The group that underwent osteotomy or VCR did not have a statistically significant difference from the non-osteotomy group, in regard neither to major reoperations nor in the amount of bleeding. To that might have contributed the development of our surgical technique, the use of tranexamic acid and pedicle screw navigation system that have been evolved and are now routinely used in our institution. These findings are in accordance with the literature, whereby blood loss and operative time have not been clearly coupled with higher risk for infection [26]. In accordance with these previous findings, we did not find a correlation between blood loss and infection.

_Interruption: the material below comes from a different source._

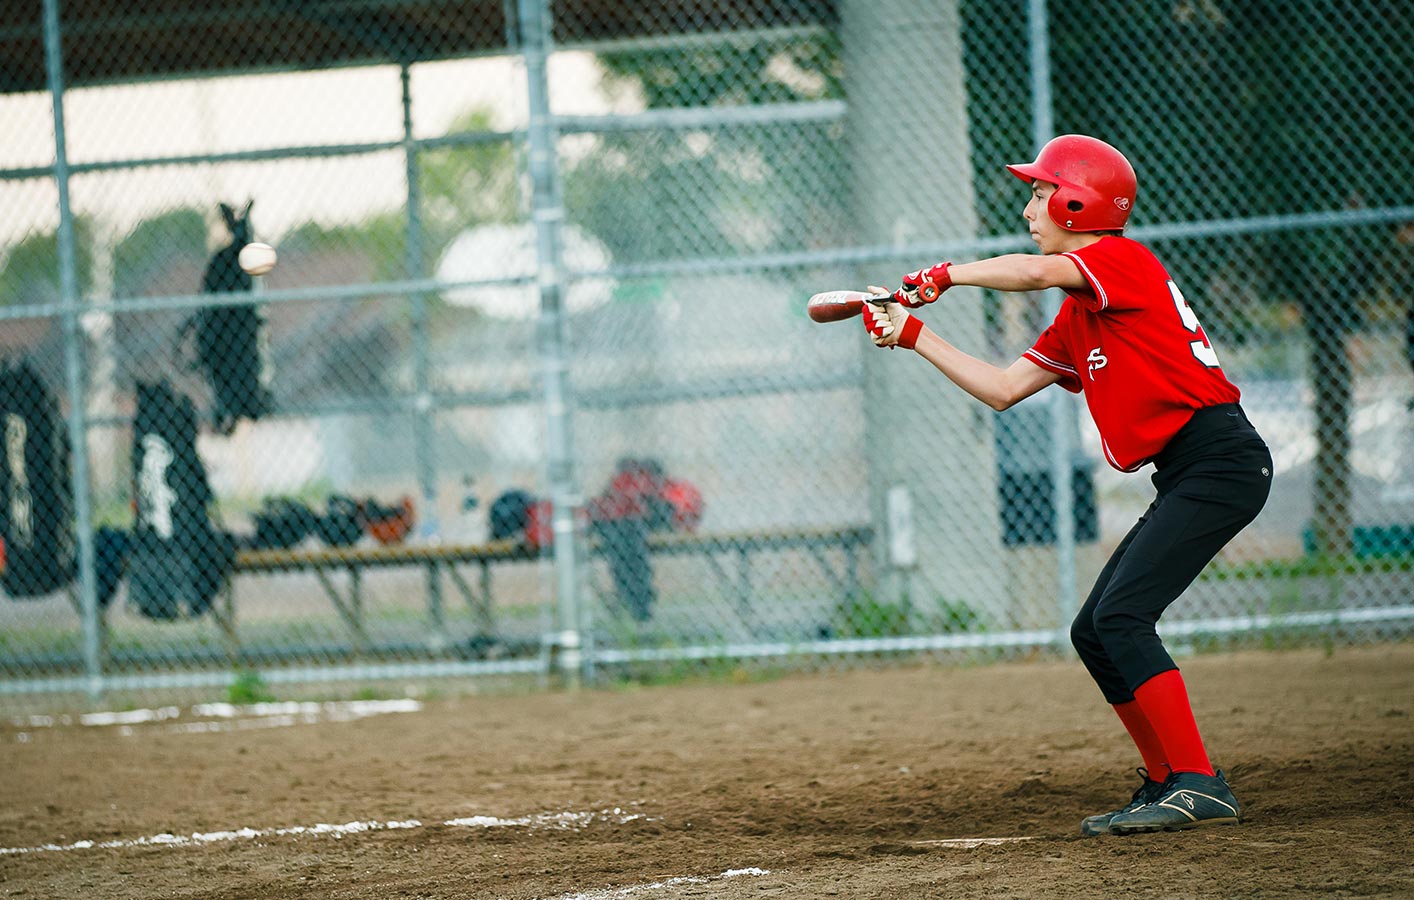 Baseball mineur - Photographe de sport

Growing systems led to a significantly higher number of major reoperations compared to final fusions. Complications that led to early surgery were associated to a higher number of major reoperations. Osteotomy or VCR was not correlated with the amount of perioperative blood loss, nor the number of major reoperations. The patients’ postural problems improved after surgery and they were satisfied, despite complications such as revision surgeries. The option of choosing a system for definitive fusion should be strongly considered, especially in patients close to adolescence because the significantly lower risk of developing complications. In our patient group, the oldest patients that underwent correction with growing rods were two 10-year-old patients, while the youngest three patients that underwent correction with fusion were one 10 years old, one 11 years old and a one 12 years old. There were totally 12 patients that were fused (median of 13.5 and a 0.25, 0.75 IQR of 12.7 and 14.2 years, respectively). Thus, 10 years of age might represent a gray zone for definitive fusion, however, if the patient is in urgent need of surgery and is from 11 to 12 years old, then deformity correction with fusion could be appropriate.